PS Researching this, it would be more accurate to say less than a third (about $6M out of $20M) of the Pittsburgh Public Works Operating Budget comes from the liquid fuels tax. The rest is paid from sales, income, and property taxes, which we bikers pay.


paulheckbert
Keymaster
#

my comment on
that TR letter:

We need less tax money going to expensive porkbarrel projects that enrich construction companies and more going to inexpensive projects that make the city more pleasant. For example, millions of dollars were spent excavating a hillside to make the ramp from Route 28 to Route 8 near Etna slightly gentler. Waste of money! Half a billion dollars were spent on the North Shore Connector so that Pittsburgh’s meager subway could be extended a mile. Walk the bridge! It’s prettier than a dark tunnel! Meanwhile, work is happening now to add a protected bike lane on the 6th Street Bridge. Excellent! Let’s do more of this!
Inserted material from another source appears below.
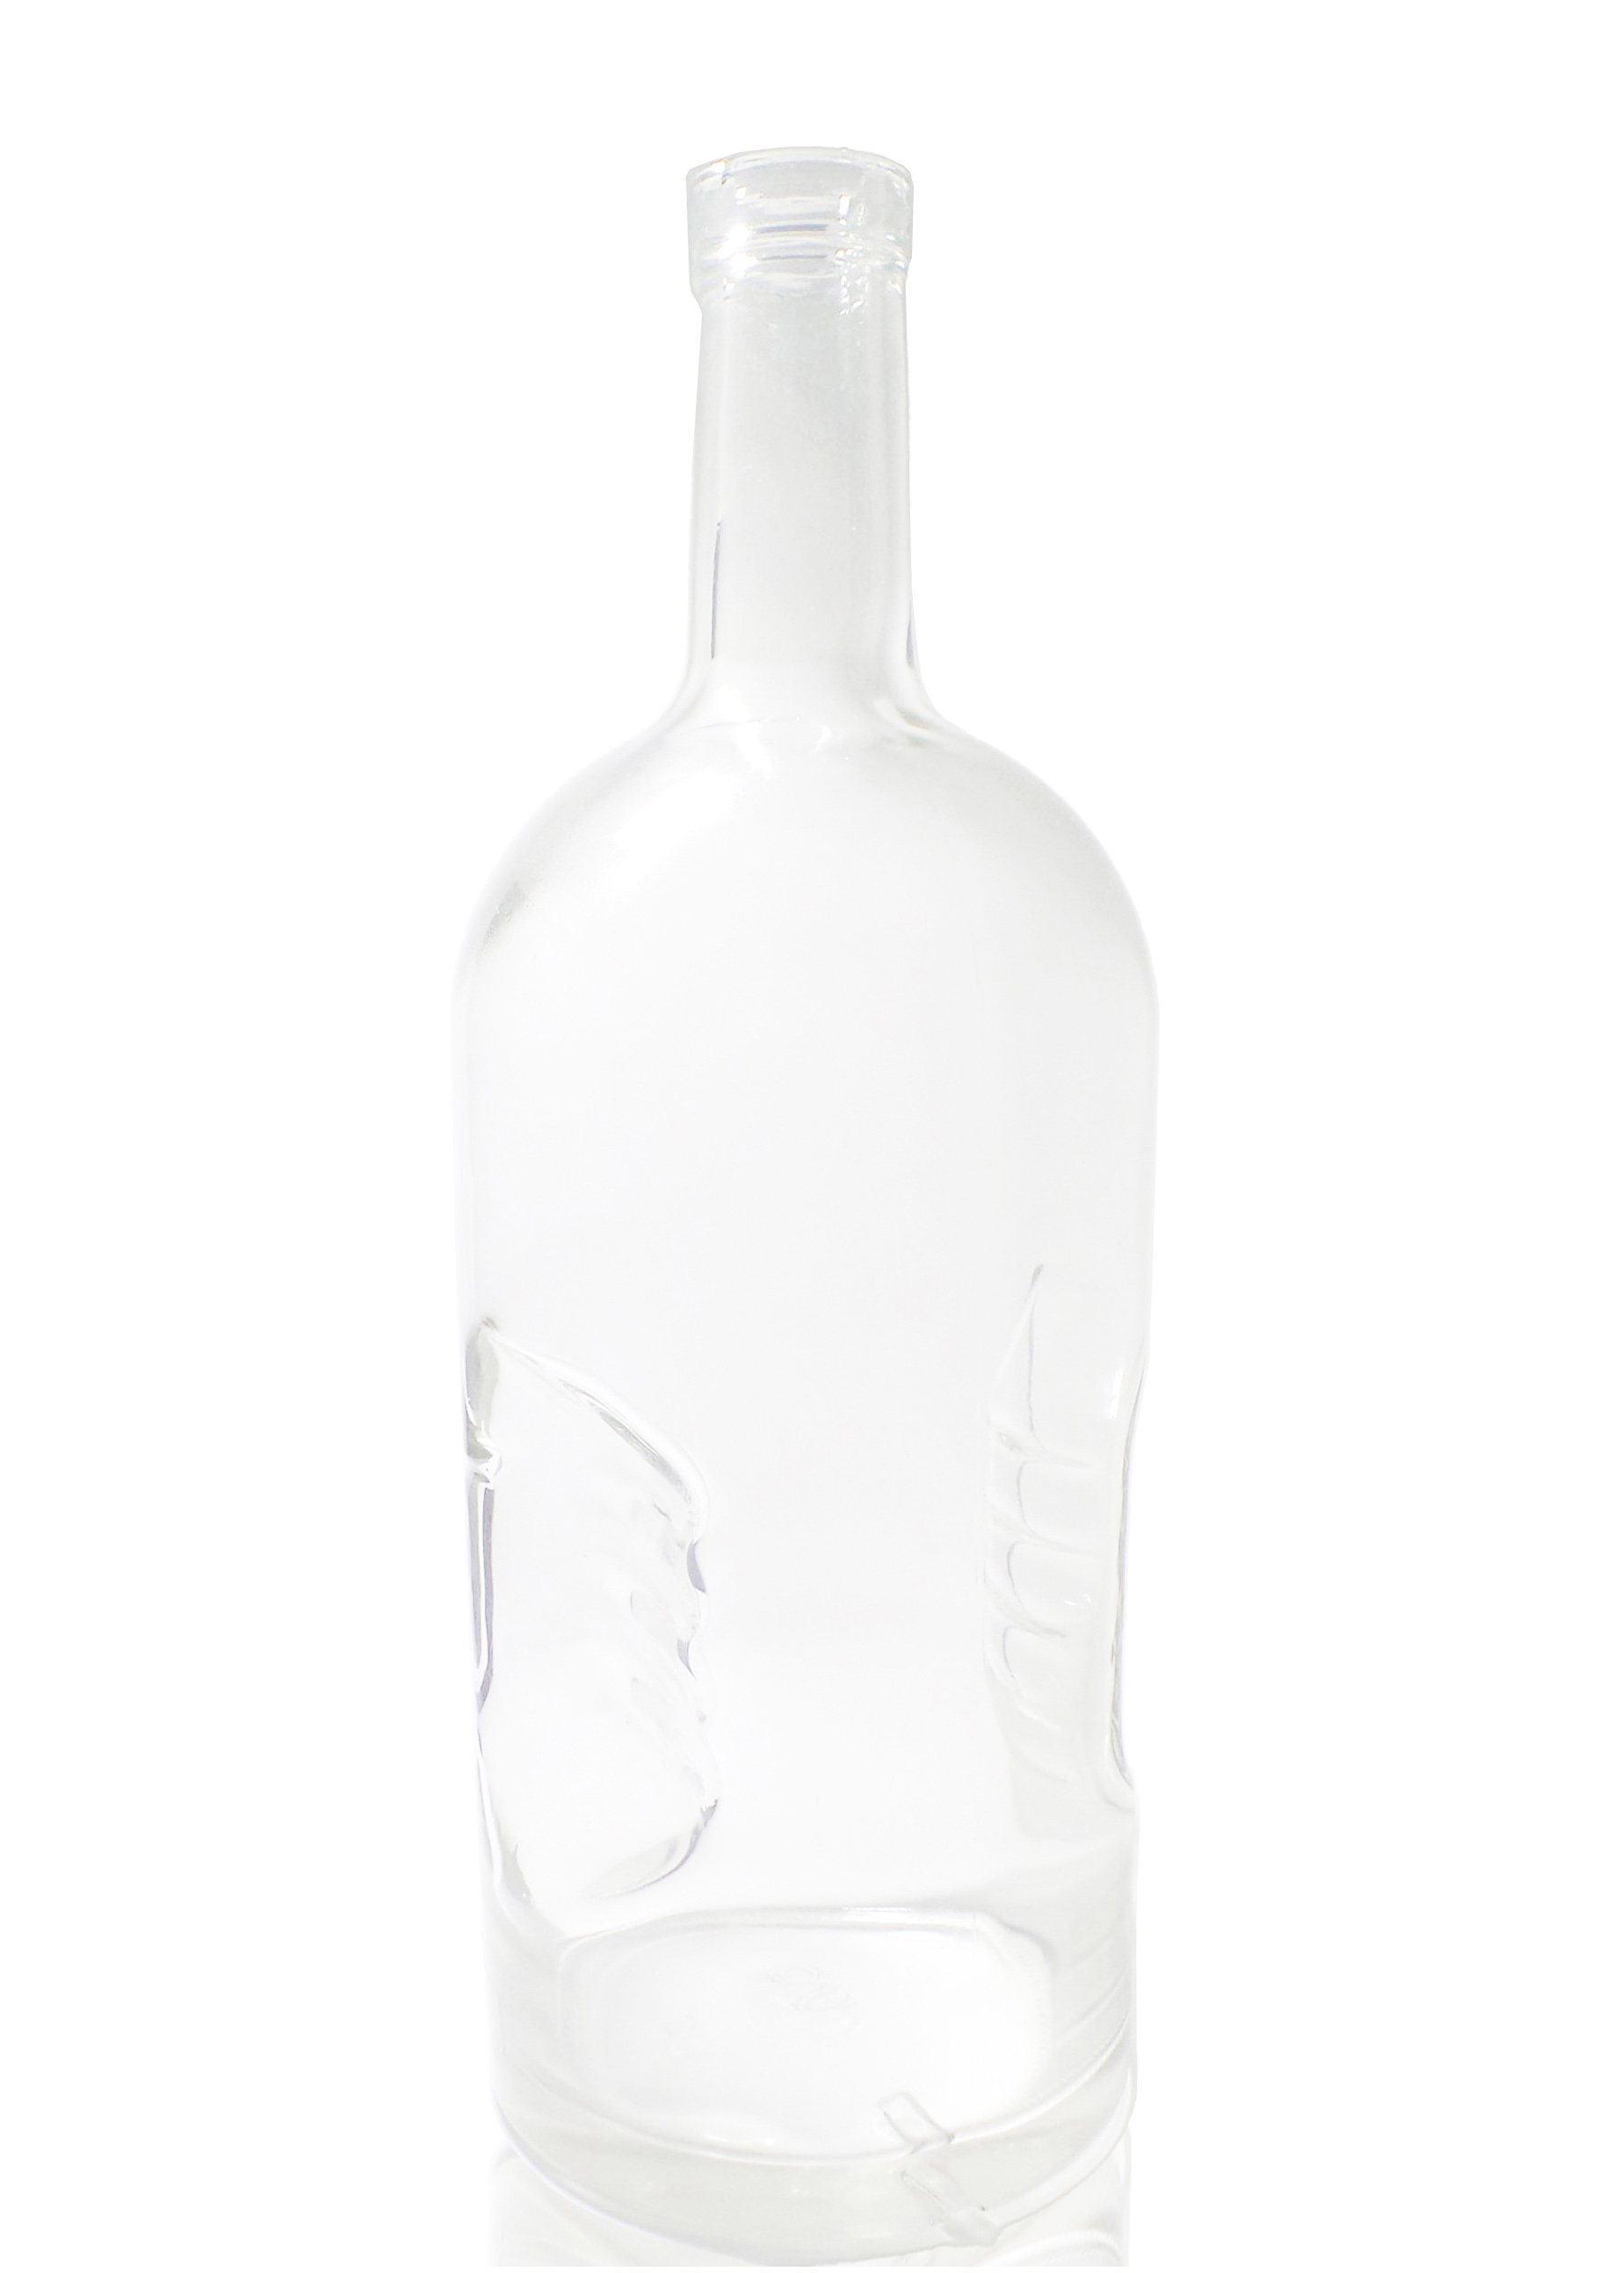 whisky bottle Liquor glass bottle 1750ml Rum and Dry Gin bottles

Bike lanes and trails cost on the order of $100 thousand per mile, while freeways cost on the order of $10 million per lane-mile – that’s 100 times more expensive. The few million dollars that have gone into Pittsburgh’s bicycle trail network in recent decades are a tiny fraction of the cost of the North Shore Connector. But the bike & pedestrian expenditures have done far more for the revival of the city’s reputation and the improved quality of life here than the porkbarrel projects. James Graff has it exactly backwards. Bike lanes are one of the wisest uses of tax dollars around. I wish that all of my tax dollars were spent this wisely.